Wednesday, April 8, 2015

And now for something completely different: Morocco!

A view down a major street in a new part of Marrakech
It seemed only appropriate. I got ripped off by the taxi driver when we arrived in Marrakech and tricked out of my change by the taxi driver who took me back to the airport. But other than these taxi drivers, and the many merchants who would usually ask for ridiculous prices to start a negotiation, the people we dealt with in Marrakech were generally quite wonderful and considerate.

Sally and I came here with Carol and Richard Henriquez. Since we generally travel on our own, this was a new, but very good experience that we will most definitely repeat.
My only real problem during the trip was that my new Microsoft Surface PC crashed on the third day and so I was not able to blog and post photos as we went along. So this post and the following stories are being written on my phone, to be transcribed later.
In total we spent 11 nights in Morocco-5 in Marrakech,  2 in Essaouira, 2 in Fes and 2 in Tangiers. I counted the nights rather than days since time was spent driving from Marrakech to Essaouira  (about 2 1/2  hours); Essaouira to Fes (about 8 hours); a train from Fes to Tangier  (about 5 1/2 hours since we hit a cow and seemed to stop for far too long at every station); and 4 hours flying from Tangier back to Marrakech. 
The train stations, like this one in Marrakech, were attractive modern facilities
We booked everything in advance from Canada except for the train which was a last minute decision. We found the train and plane travel reasonable. Although it was more expensive to arrange for a car and driver than a car rental, having watched the traffic chaos within the walled cities, I have no regrets about that at all. I could NOT have driven here!
The first time I have stayed in a hotel sprinkled with rose petals. Reminded me of a movie!
The price of accommodation varied, but was generally quite reasonable. Had we been 30 years younger we could have got charming accommodation in many riads for significantly less a night. But we didn't try. Instead we stayed in some very luxurious places for much less than we would have paid in other countries.
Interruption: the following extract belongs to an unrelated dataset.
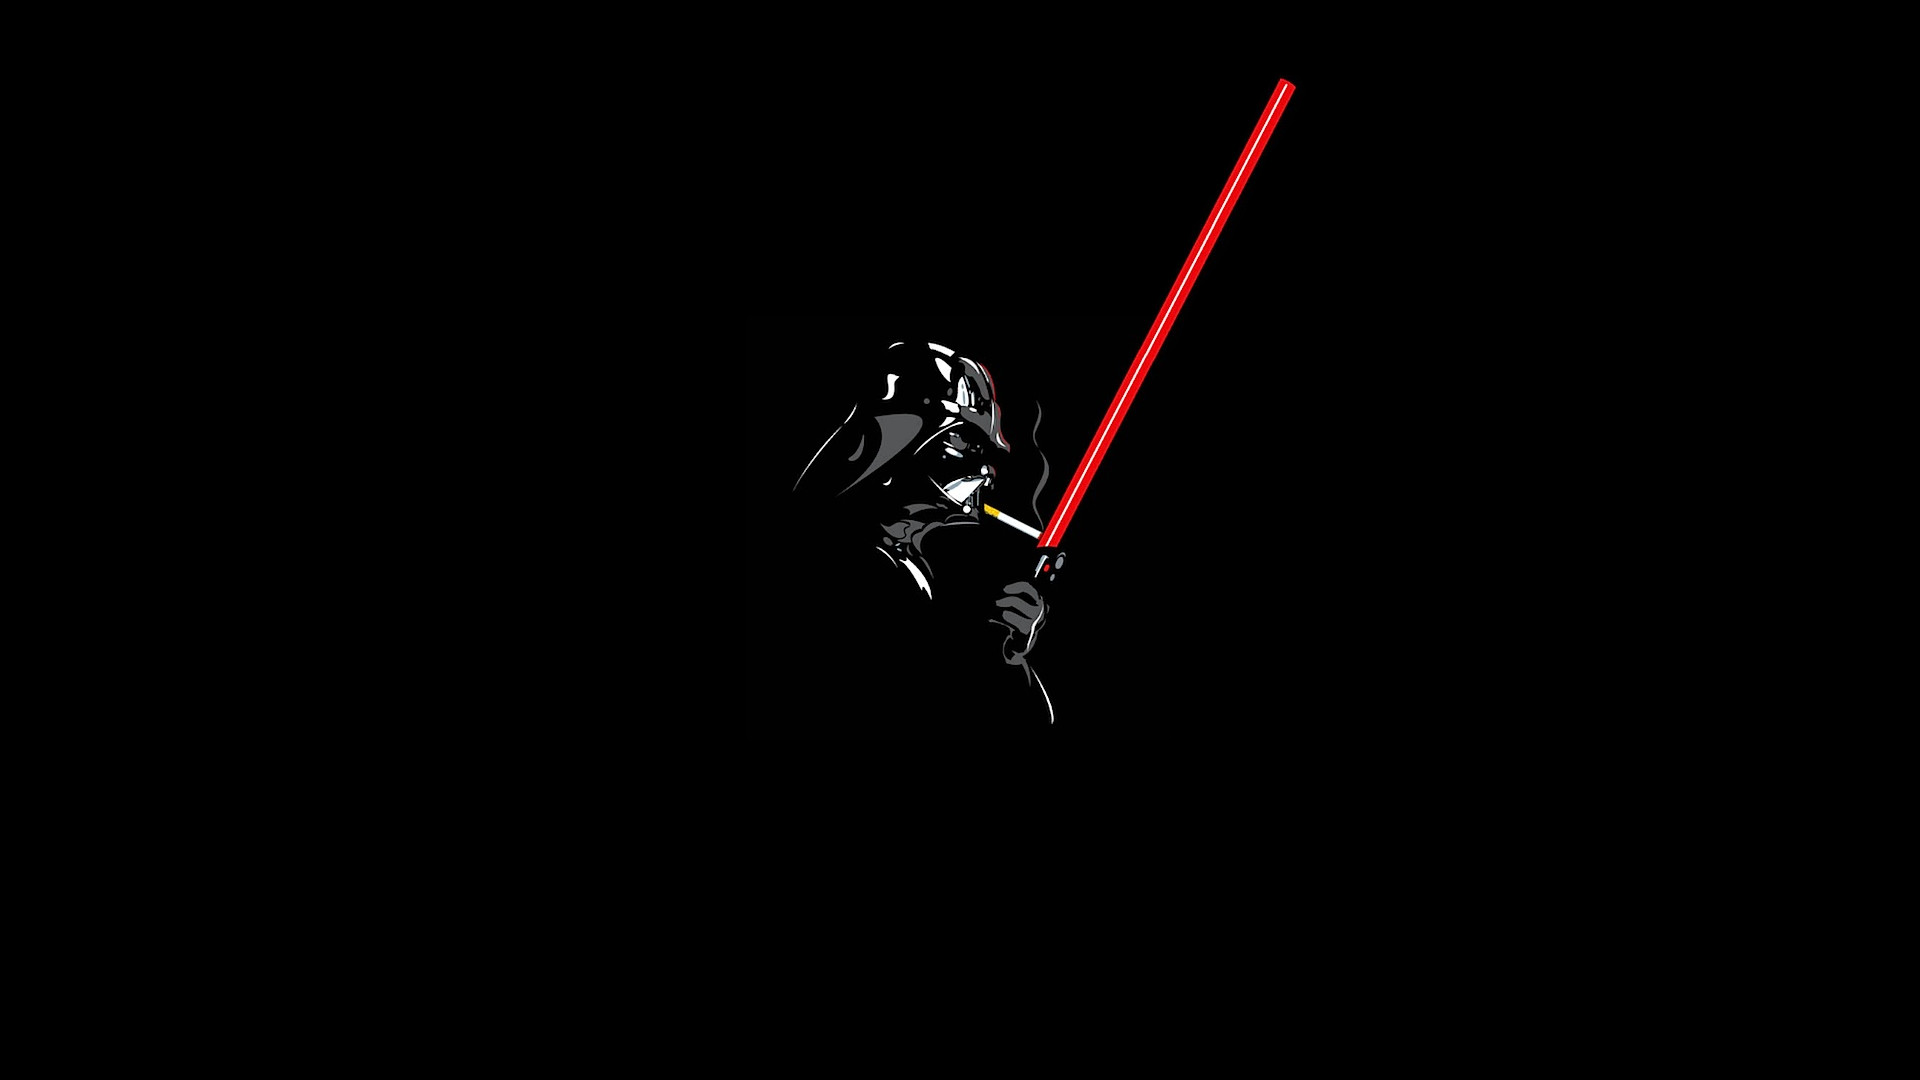 1920x1080 Darth Vader lighting a cigarette off his lightsaber [Wallpaper] ...

What most impressed me with the riads, (A riad (Arabic: رياض‎) is a traditional Moroccan house or palace with an interior garden or courtyard. The word riad comes from the Arabian term for garden), was their juxtaposition with their surroundings. It was often hard to accept that such elegant accommodation could be located in such run down locations. It was like walking through a doorway in the 100 block East Hastings into the Four Seasons Hotel

Richard observed it will be interesting to see if these beautiful riads will one day gentrify their surroundings. Somehow I doubt it but who knows what might happen over time.

It is trite to say but it is hard to come to Morocco and not be overwhelmed by the contrasts. While we came here thinking desert we're leaving thinking agriculture and farmers. Carol could not get over how lush and green so much of the countryside appeared. 
Some other highlights were the beautiful restaurants we experienced although we will be happy to avoid Moroccan food for a while; the expansive Jewish cemeteries which reminded us of the significant Jewish communities that once lived here. I say 'once' since most Jews have left . 
While our guides often talked about the harmony that exists between the various religions here, in fact the Jews often lived and worked in the Mellah or ghetto outside the main community. Many worked in the jewelry business and today many of the small jewelry shops remain in what were the Mellahs.
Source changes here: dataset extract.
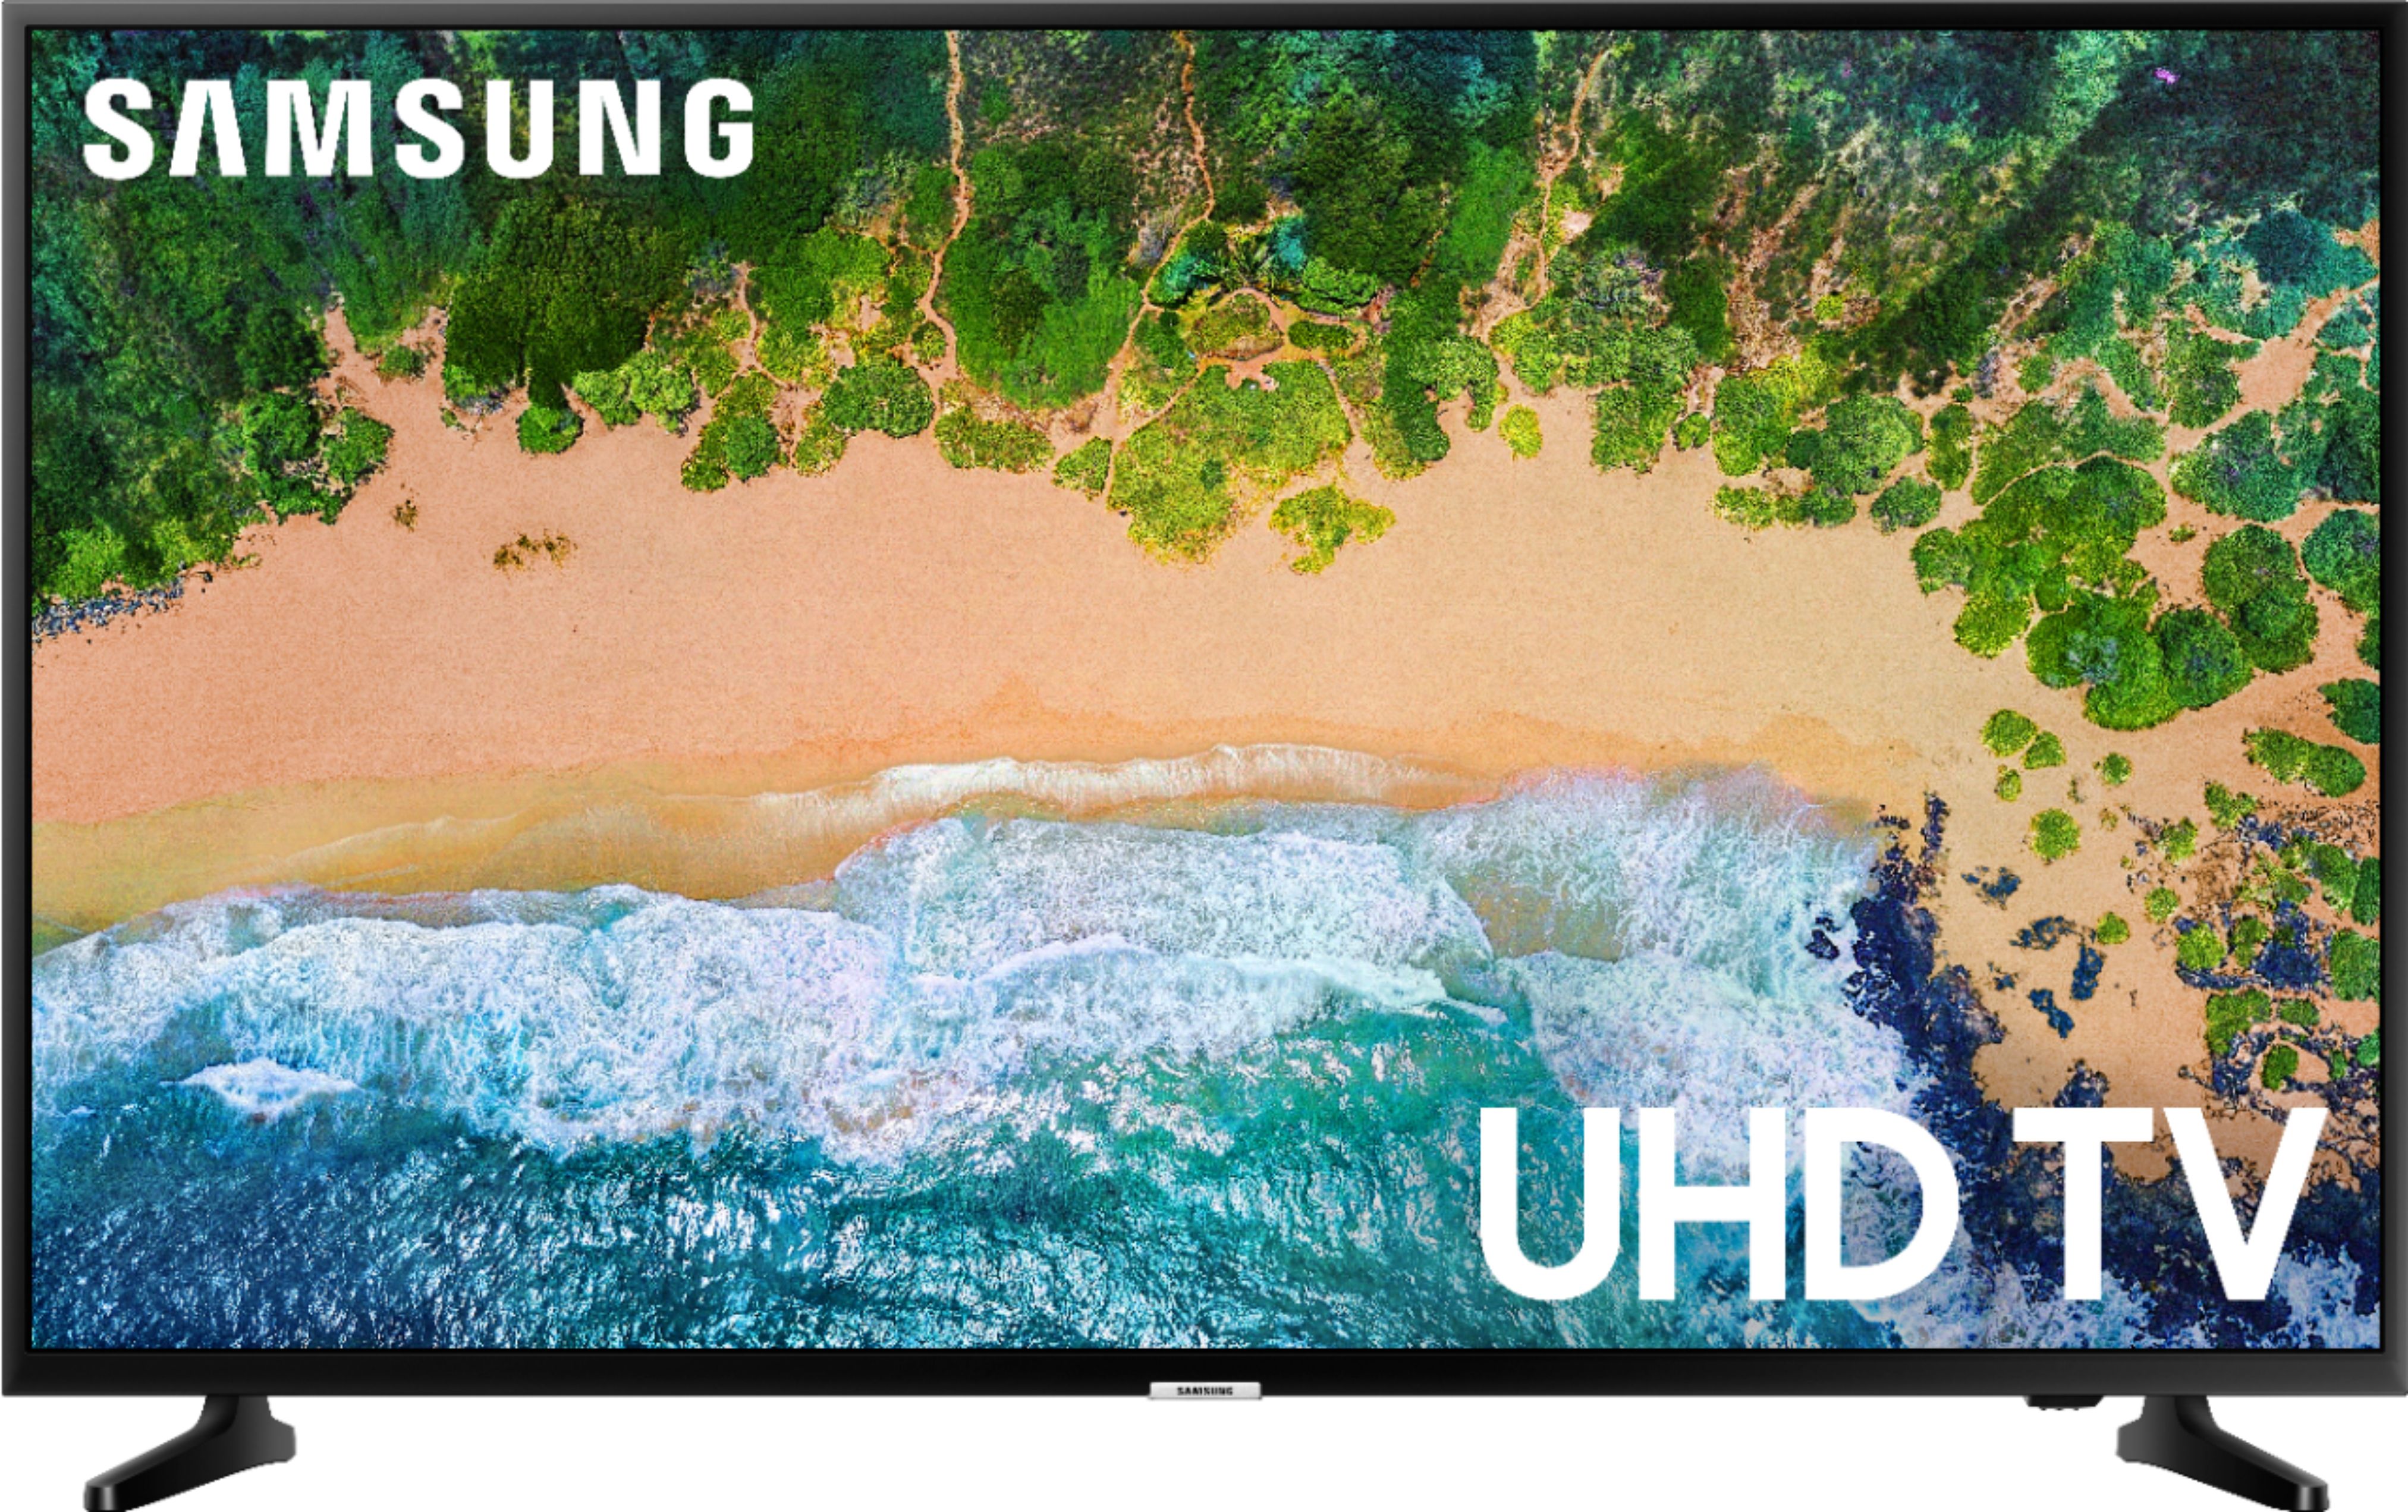 Samsung TV on Finance

Other highlights included the kind and exceptional service we generally experienced. When we went out for dinner the last night at a restaurant recommended by the hotel, staff walked us to the taxi who drove us to the restaurant and then picked up afterwards.We paid when he brought us back. With only one or two exceptions, we generally felt very safe.
As I wandered around the streets on my own, it was obvious I was a tourist, but people were kind with directions
While there were occasional glitches in our travel arrangements it is a fairly manageable place to visit. I constantly wandered off to explore, but rarely felt any sense of danger. Although you do need to kept your wits about you, especially amongst the street vendors in the souks who constantly hassle you whenever you start looking at their products.
You also have to be aware that the kids in the market area who offer to help you with directions, will expect payment. Moreover, whatever you give them, they will usually respond "That's nothing!"

You also have to be prepared for those who offer to take you to the tanneries or some other part of the markets. They can be very persistent and invariably when you arrive you're shown pictures on the wall of their supposed family who run the business. Maybe it is their family, but having had too many similar experiences in Thailand, Indonesia and elsewhere,  I became very suspicious.
But if you are in the market for Moroccan style goods, there are a surprising number of talented artisans making beautiful things by hand in tiny storefronts. Sadly, Sally and I are now in a disposition mode-not an acquisition mode-so did not buy the things we would have loaded up on 30 years ago!

While I will not rush back to Morocco, hopefully one day I will return. It is a fascinating country where you can enjoy good food, good accommodation, incredible sights and smells, and kind people. Just don't assume it is always hot and sunny. It isn't!